Furthermore, we have met with government agencies at the state and local level in Hawaii and have submitted proposals for a site similar to our location in Alabama through a subsidiary Hawaii Organics Corporation. Our goal is to establish a fully operational organic fertilizer/compost facility on several of the Islands as part of a comprehensive agriculture and environmental solution for the State of Hawaii.

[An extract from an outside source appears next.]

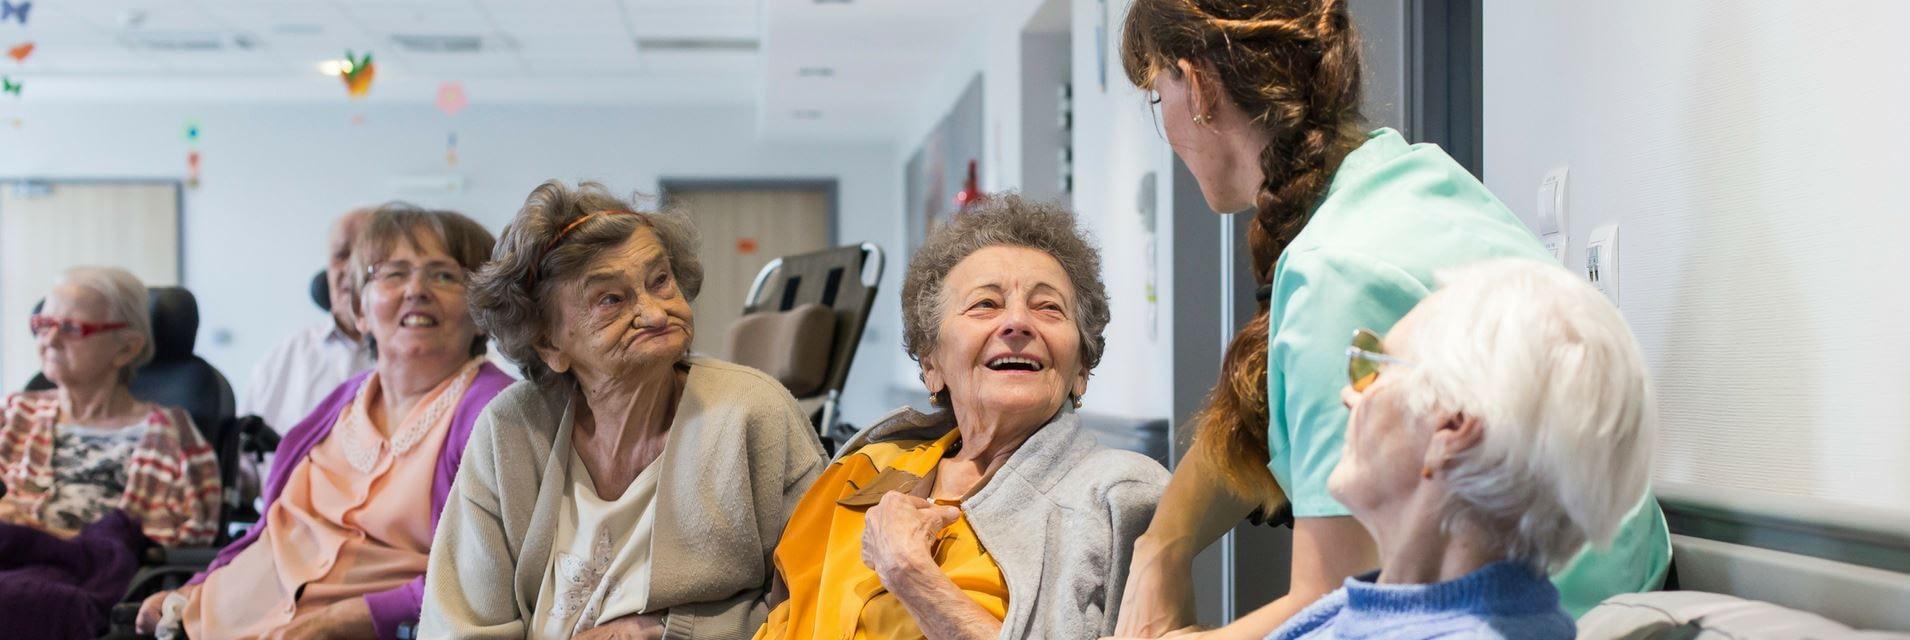 Spotkanie pacjentów - seniorów

GEC CleanWater Technologies, Inc.  


In the second quarter we established our GEC CleanWater Technologies, Inc. subsidiary to market our licensed, EPA approved water purification technology IMS1000 and our Mobile Pure Water System (“MPWS”).  We have partnered with RDK Enterprises to provide funding, management assistance and development of this subsidiary which will allow us to take advantage of the work the company has done over the years in preparing for the commercialization of our highly effective water remediation and purification systems.  In addition, GEC CleanWater Technologies, Inc. has retained the services of a well-known, highly respected, international law firm located in Washington DC to assist in the management of relationships and legal protocols for working with state and federal governmental agencies.  GEC CleanWater Technologies, Inc. aims to work with federal and state governmental agencies by providing solutions for the myriad of water issues confronting governmental agencies.

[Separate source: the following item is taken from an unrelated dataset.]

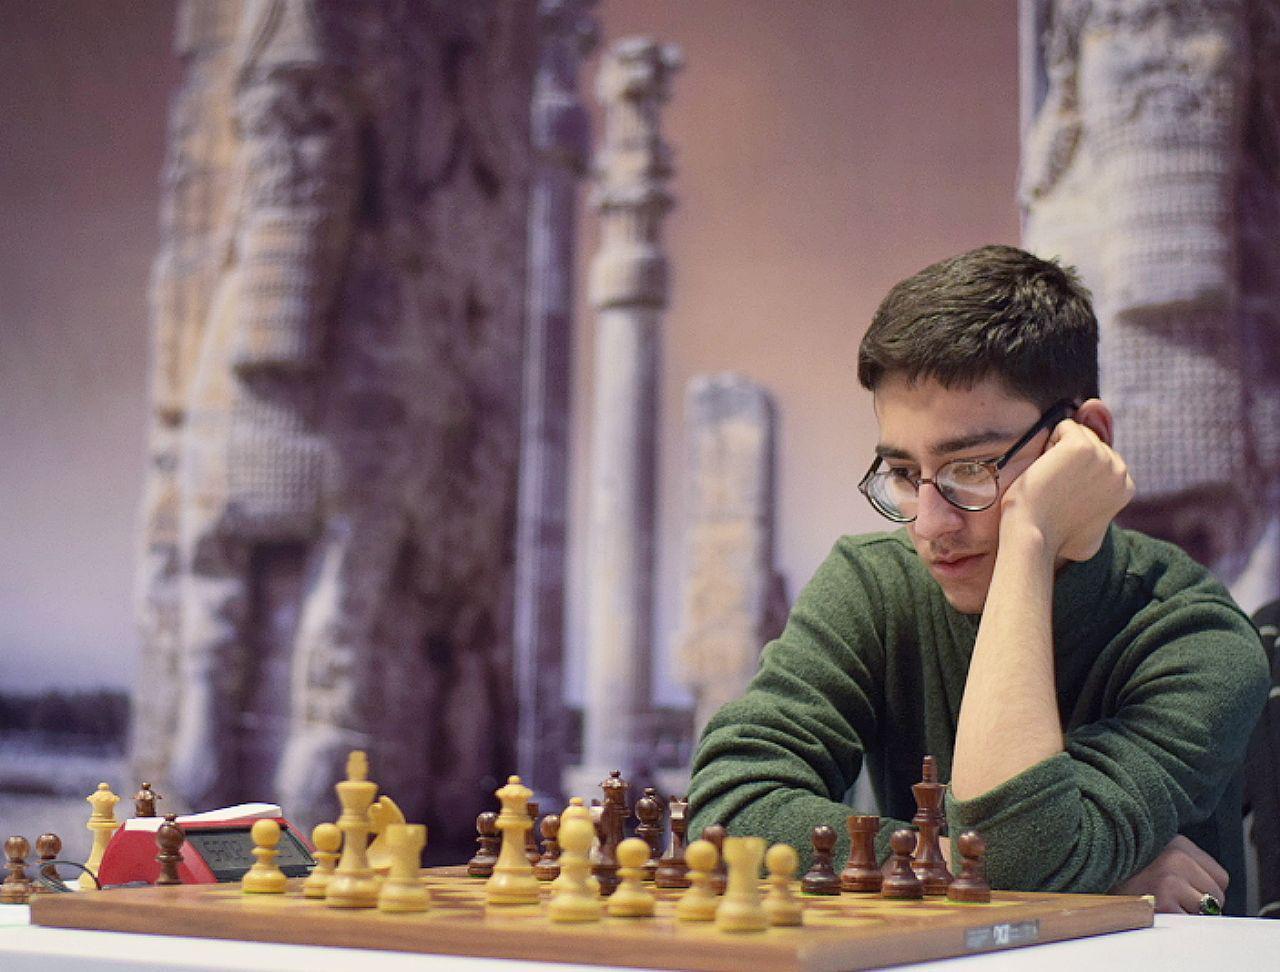 طلبکار جدید پرسپولیس؛ یک شطرنج باز

Clean Tower Technologies, Inc.


In January of 2011, we formed a wholly subsidiary, CleanTower Technologies, Inc., for the purpose of developing a market for our licensed environmentally safe chemical IMS1000. The solution is produced under a private label arrangement with our Canadian supplier, EnvirEau Technologies, Inc. This new company will eventually include a number of affiliates with industry experience to help us build the operation. As of June 30, 2013 there has been no activity to report.


As a part of our We have supported a number of events at the United Nations and have established our self as a strategic partner with International Renewable Energy Organization (“IREO”), a Brazilian private partner of the United Nations.  Peter Ubaldi, our President and CEO, has been appointed as Chairman of IREO’s Water Restoration Committee.  We have proposed our remediation technology for contaminated bodies of water and for the remediation of soil in South America, Central America, the Philippines and the United States as part of its expanding marketing efforts.


Going Concern


We have incurred operating losses for the six months ended June 30, 2013 and 2012 of ($496,128) and ($599,114 respectively, and an operating loss of ($991,860) for the year just ended December 31, 2012. We also had working capital deficiencies in both periods. Our financial statements have been prepared on the assumption that the Company will continue as a going concern. We are seeking various types of additional funding such as issuance of additional common or preferred stock, additional lines of credit, or issuance of subordinated debentures or other forms of debt. The additional funding would alleviate our working capital deficiency and increase profitability. However, it is not possible to predict the success of management's efforts to achieve profitability or to secure additional funding.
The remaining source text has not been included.